• [Your assignment]
What is needed is an exact reproduction of the lines from the one that contains "Get Your Due Rewards" through the end of the data, both included and nothing else, with pictures omitted.

• [Data extract]
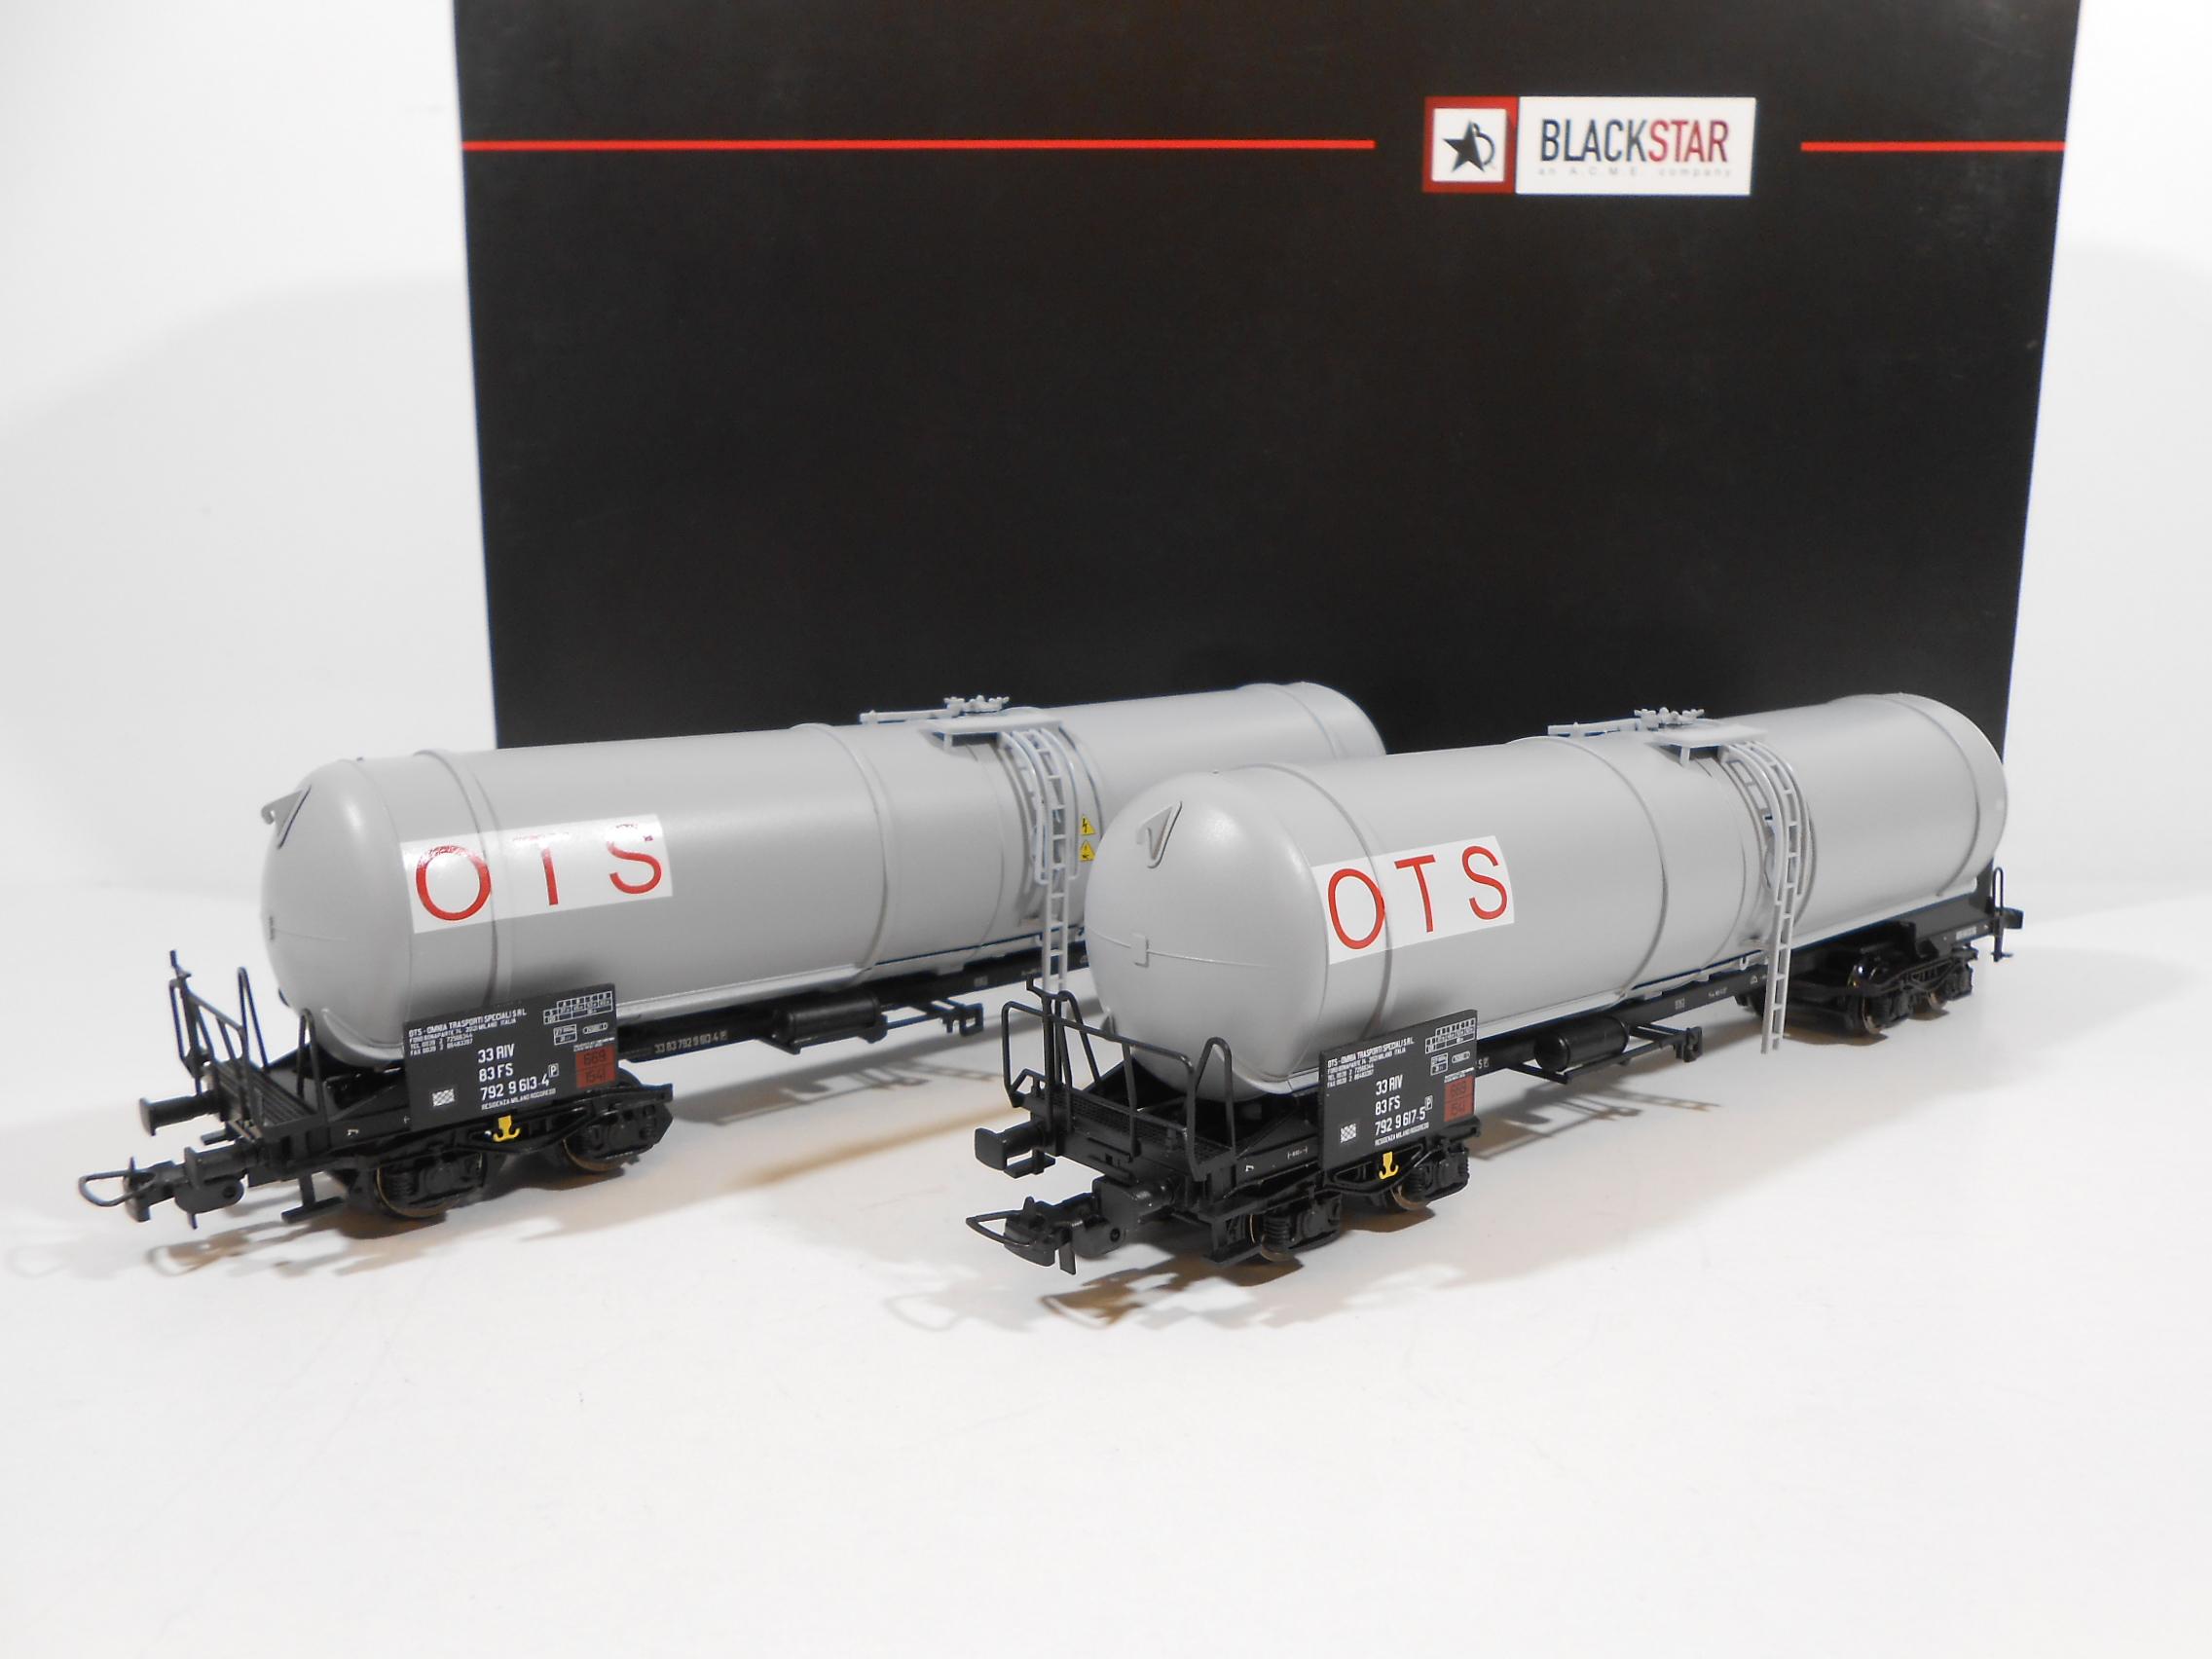 "BLACKSTAR BS00024-501706 - Set due cisterne Zans ""OTS"" livrea grigia epoca VI"
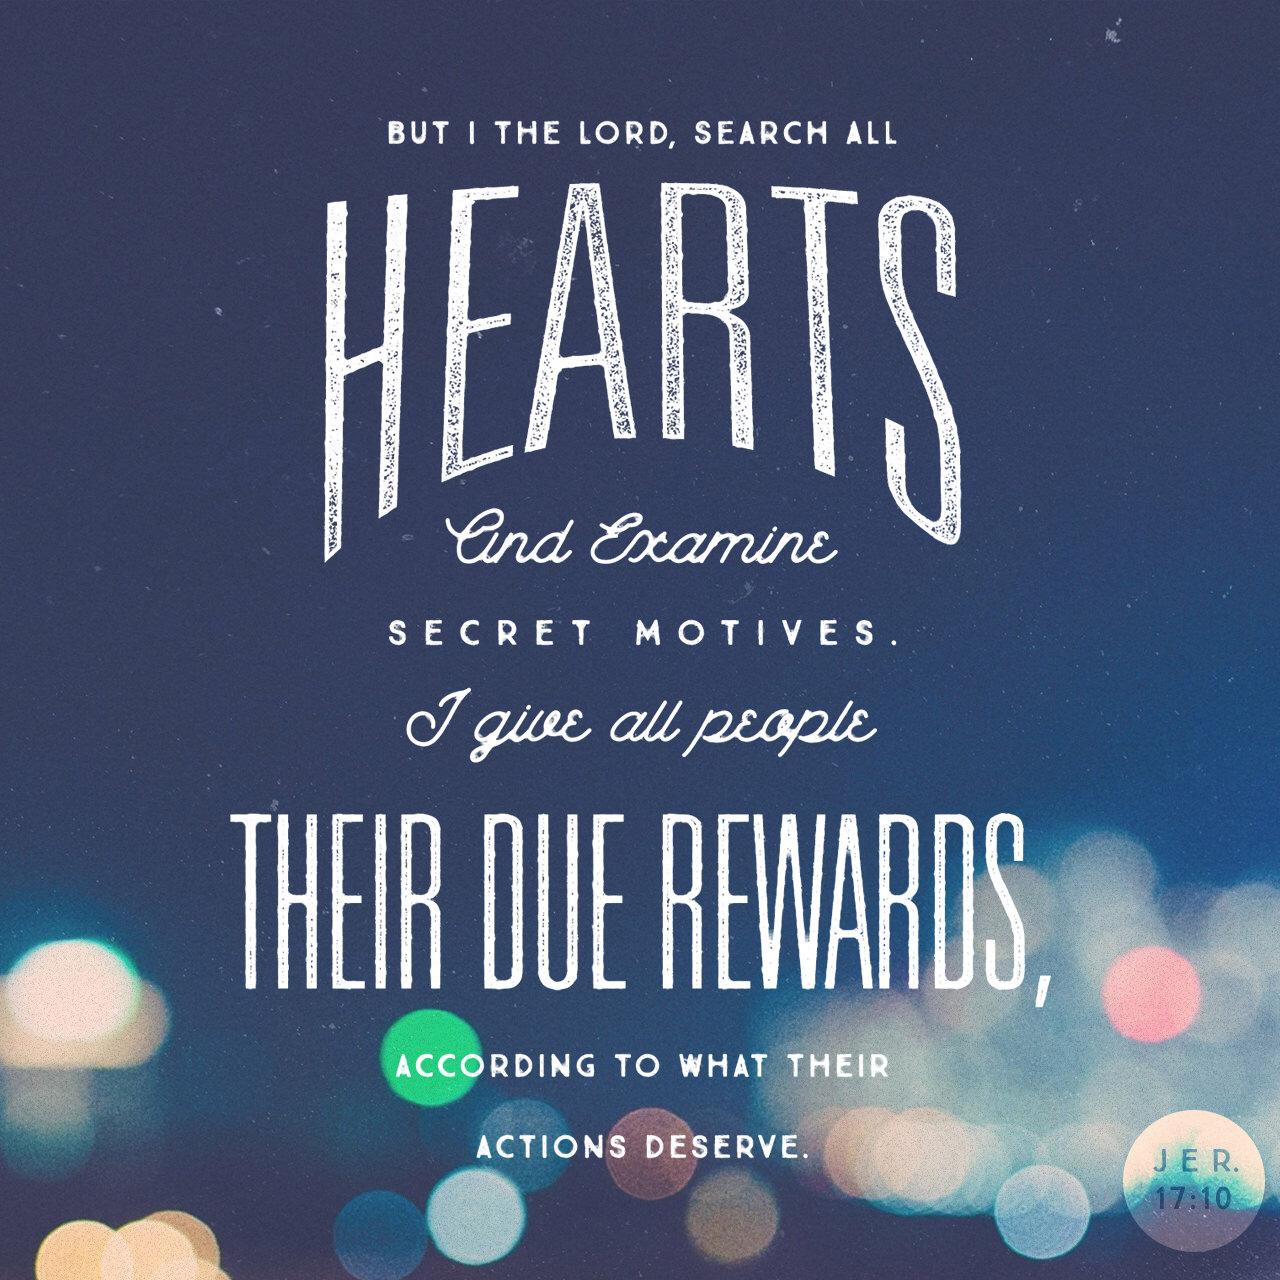 Get Your Due Rewards
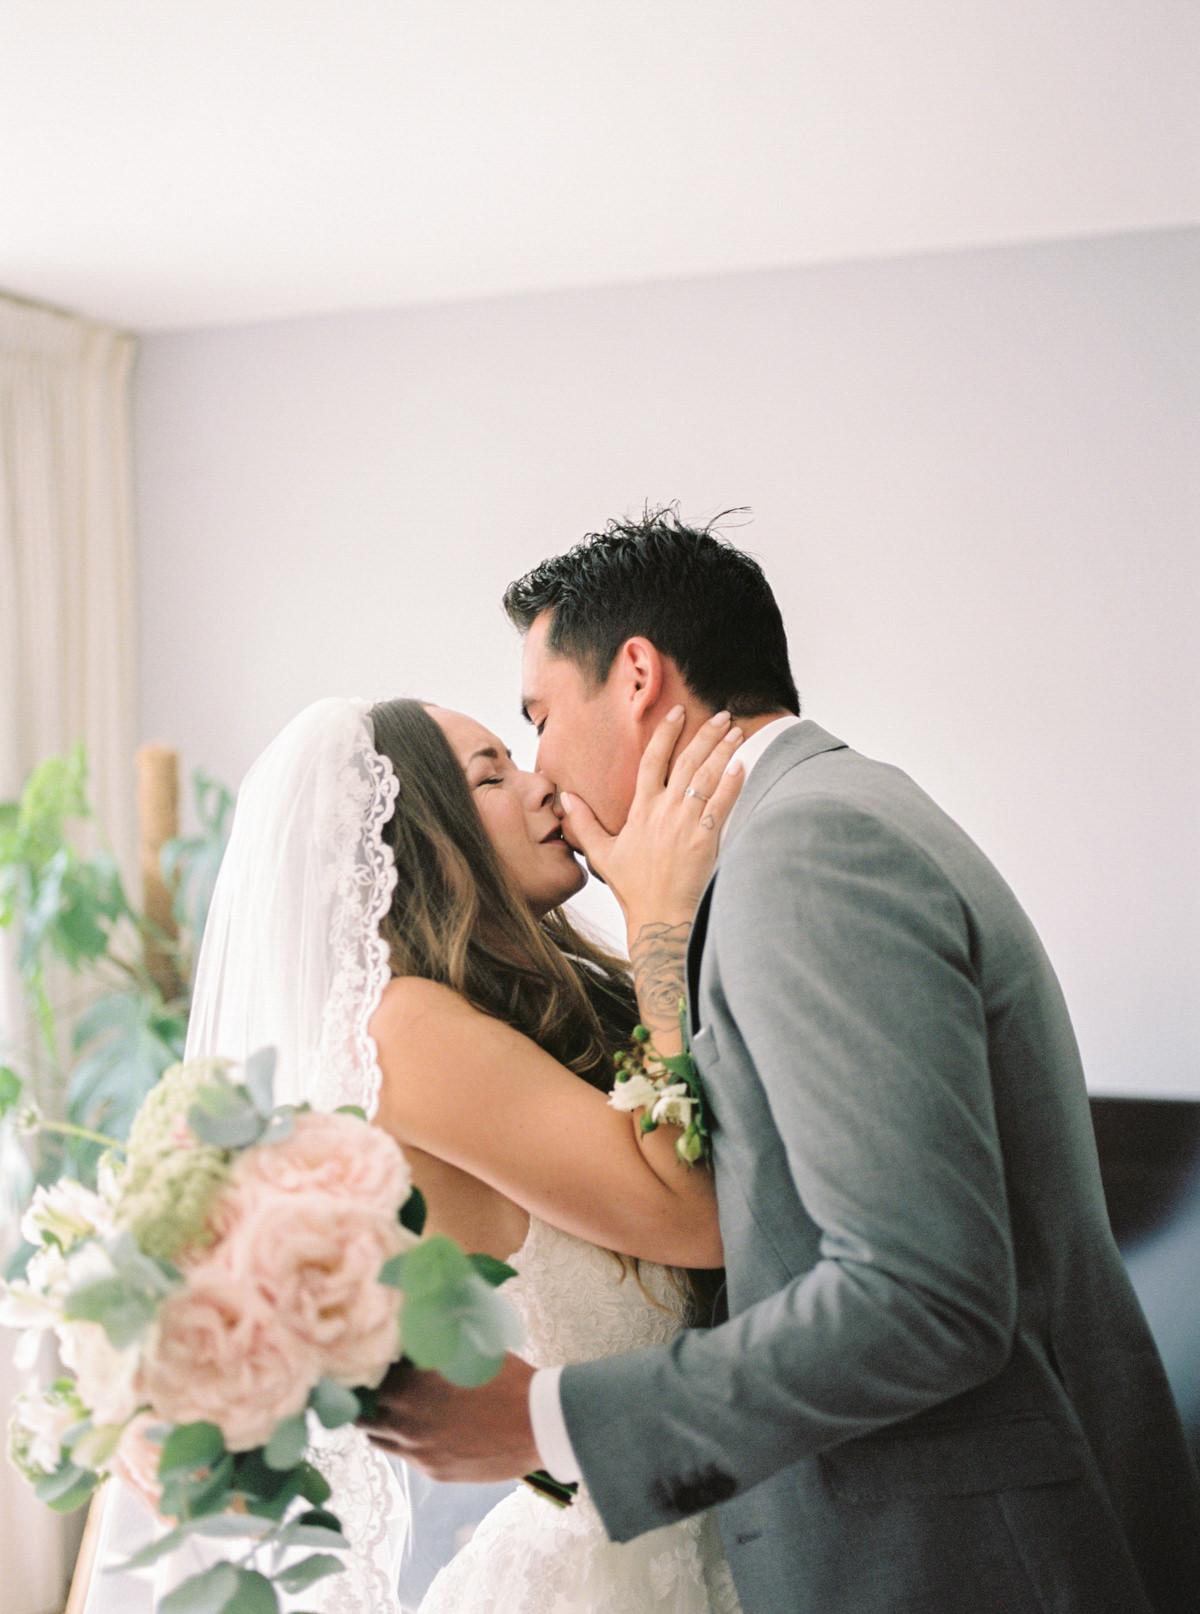 CHYMO_MORE_Photography_romantic_fine_art_wedding_groot_warnsborn

• [Response to this task]
 Get Your Due Rewards
 CHYMO_MORE_Photography_romantic_fine_art_wedding_groot_warnsborn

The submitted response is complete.